Tuesday 7 February 2012

Blogs viz and twitter aggregation

After a while, I have just decided to post about the new visualization of blog posts/comments and the twitter integration.

Usually the problem is that depending on which decisions you took (related to architecture/development), they have some consequences on the next iterations, so you have to stop and to think a bit about it.

Now, we are working on visualizing blogs of our thesis students, but they have also to tweet. So the ideal situation is merge both visualizations trying to get an overview of the students activity. You can see the visualization here. And you can find a small screencast bellow.


You have two tables. The first one for the authors and the other for external people, they can be supervisors, colleagues of the authors or simply people that decided to comment on the blogs. You have a legend with three colors (Green means posts, Blue means comments and red means no activity at all).

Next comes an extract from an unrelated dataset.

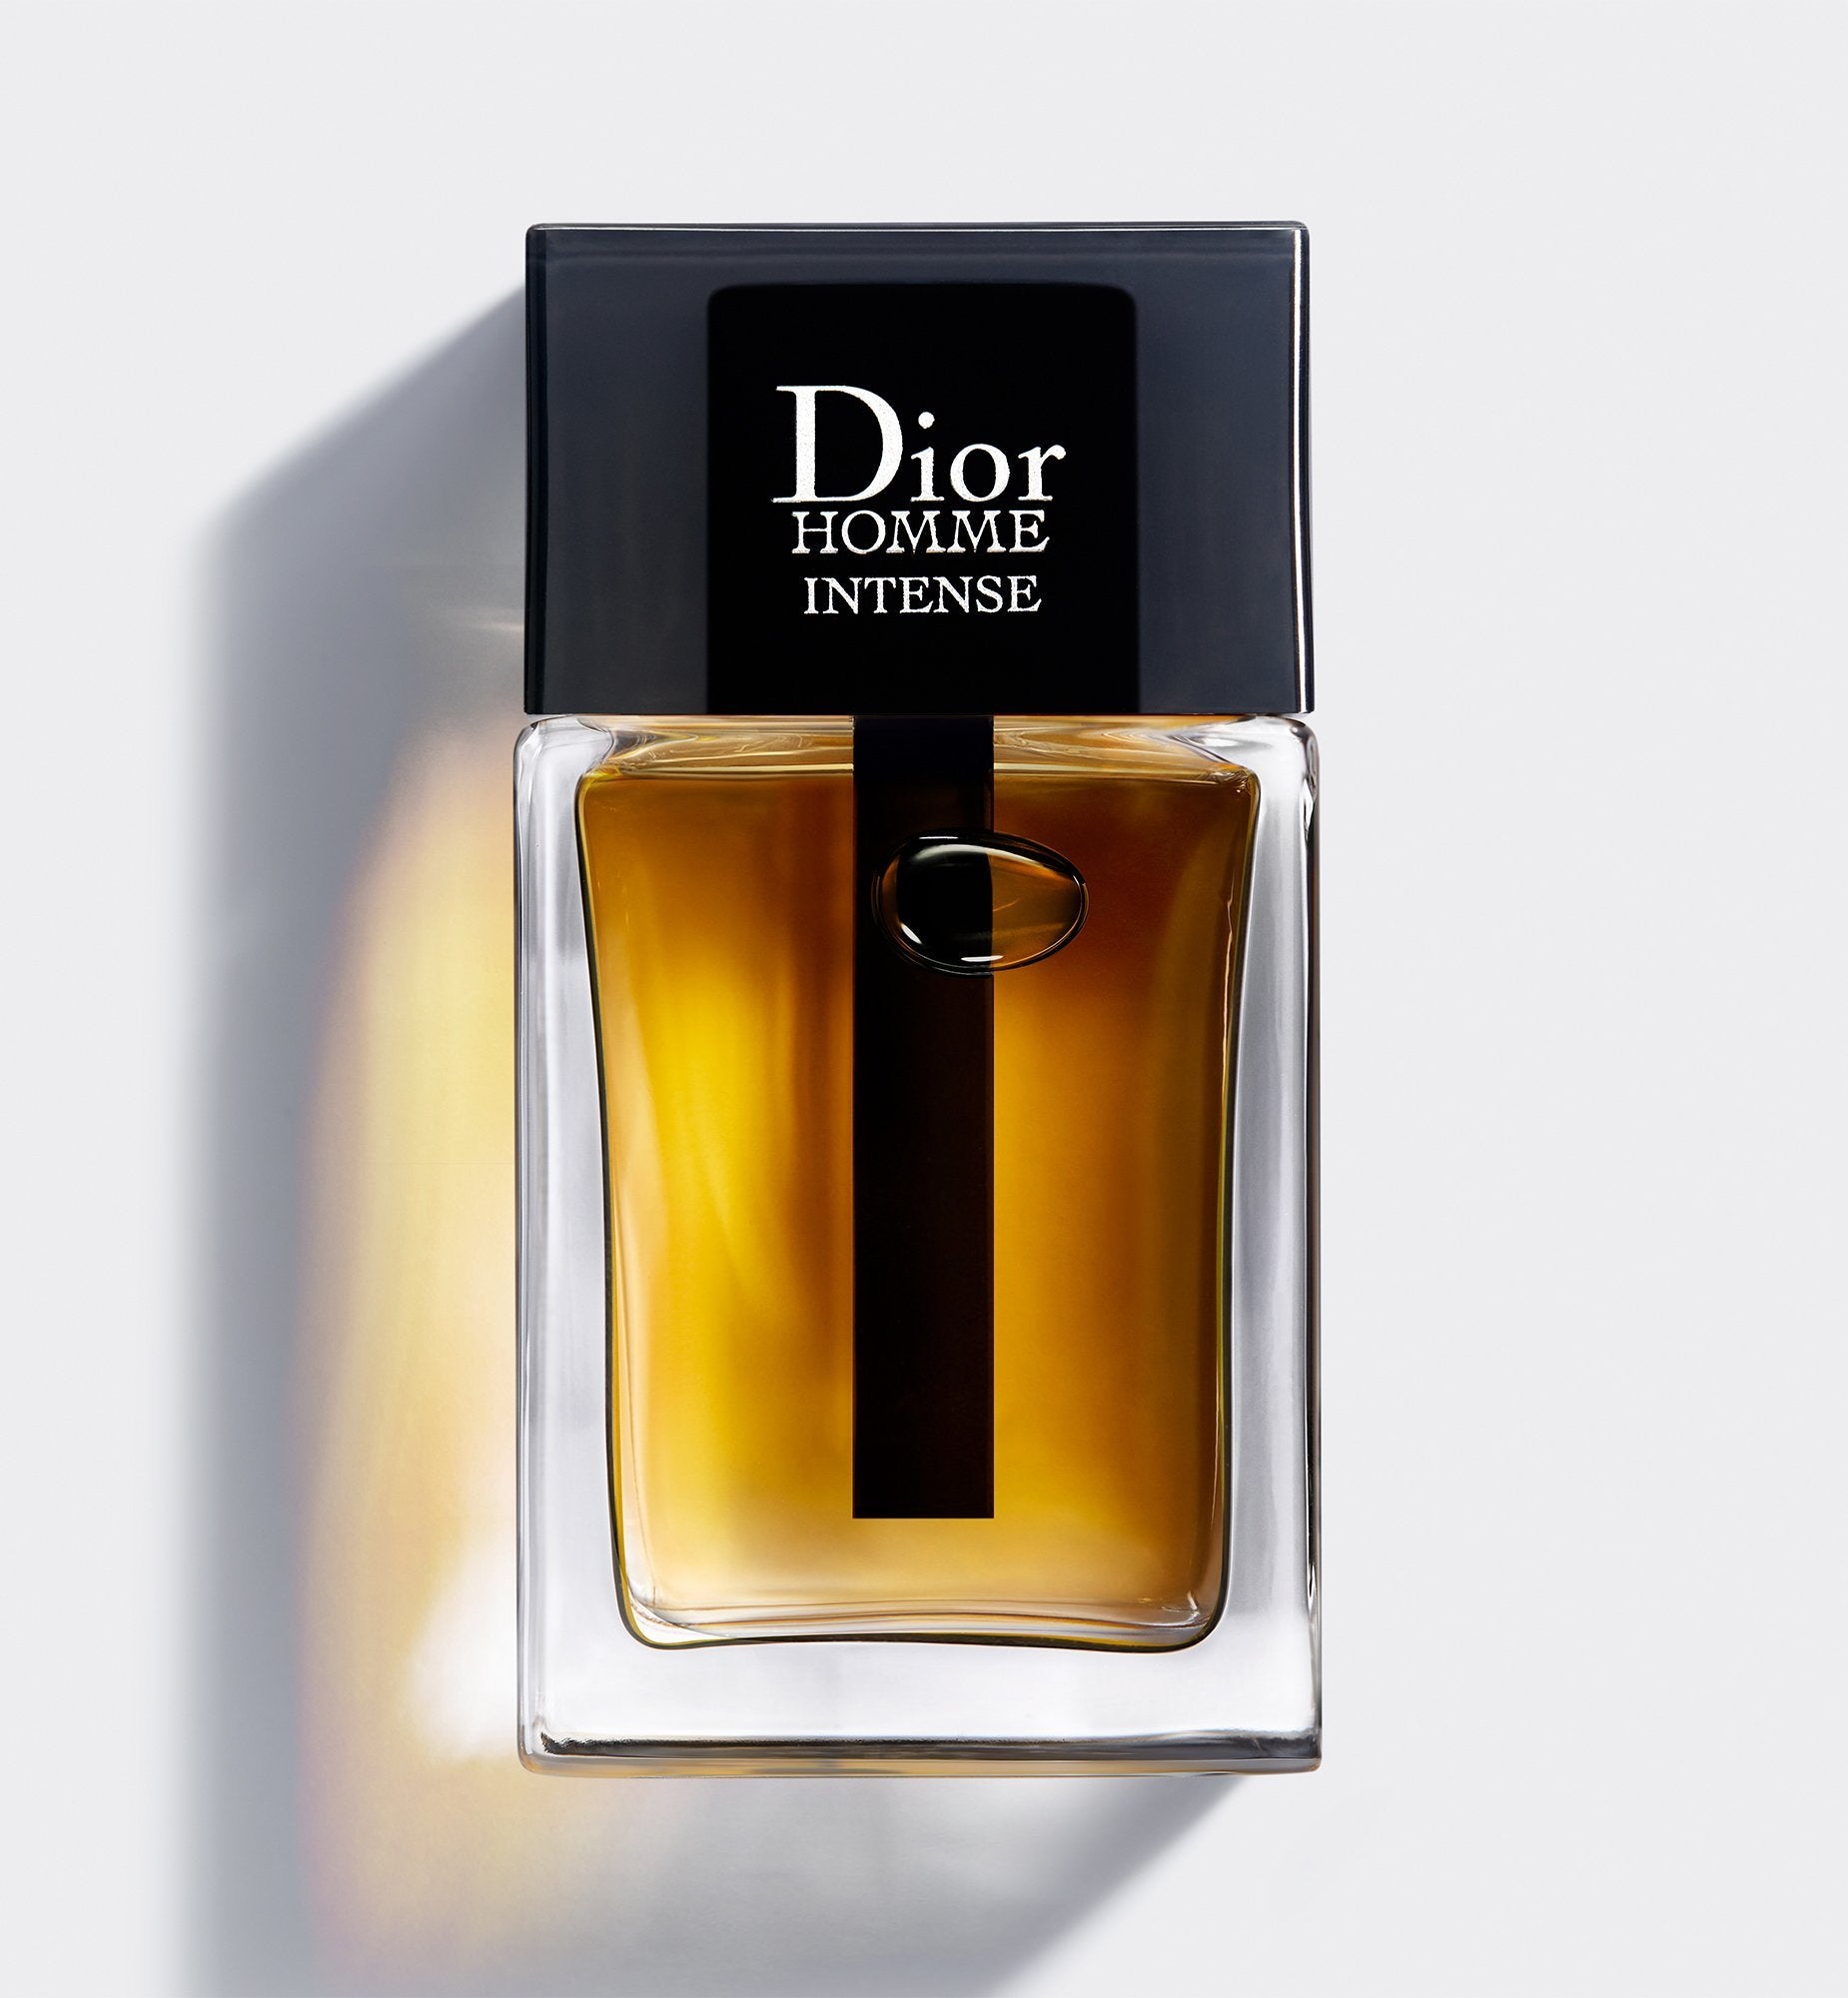 DIOR HOMME INTENSE – Dior Beauty South

You can interact with the table in different ways:

  • If you click on the headers, the rows are sorted based on the activity.
  • Clicking on the header with the right button of the mouse, you can access to the blogs.
  • If you click on the cells, you get a tip with extra information. Click again to hide it.
  • If you click on the sparklines, you get a bigger visualization that shows the aggregated data of comments and blogs per week of the year.
Now the question is:

How to add twitter information to the current table?

Just thinking that in the end, twitter in this visualization can be like a blog. An additional source where users can do some activity.

However, also we are thinking to aggregate other data from toggl. Ok... it can be another column. And every additional source can be an additional column, but in the end, you can find a huge overview of your classroom activity.

For instance, another use case that I'm thinking about is on one course that I'm teaching. Is about learning management systems and technological resources. The students learn how to manage different LMSs in several weeks. In this period, they have to tweet and blog about web 2.0 tools and/or reflect on their weekly activity. So other scenario could be something like blog activity, twitter activity and activity in the different LMSs. Something like number of activities, resources, lessons and so on. But it is always the same... not sure whether the column system is a good approach. In addition, they are more than 100 hundred students... it means 100 hundred rows in the table... ok... we can minimize the impact adding a filter and sorting functionality, but sometimes you lose a bit of the overview. Maybe the solution is to add additional metrics to take the overview, but the matter here is... what are meaningful metrics? Once that you decide to provide metrics, you are trying to drive the conclusions. As a teacher, maybe this is the goal. But not sure whether students expect that from a learning dashboard and what is the data that they want to look into. Yes... for sure... you can ask them, but it is not so obvious approach because sometimes they never thought about what is meaningful for them. Anyway, life is a matter of decisions... and wrong decisions means a lesson that can be learned for the future... as Erik usually says life is learning.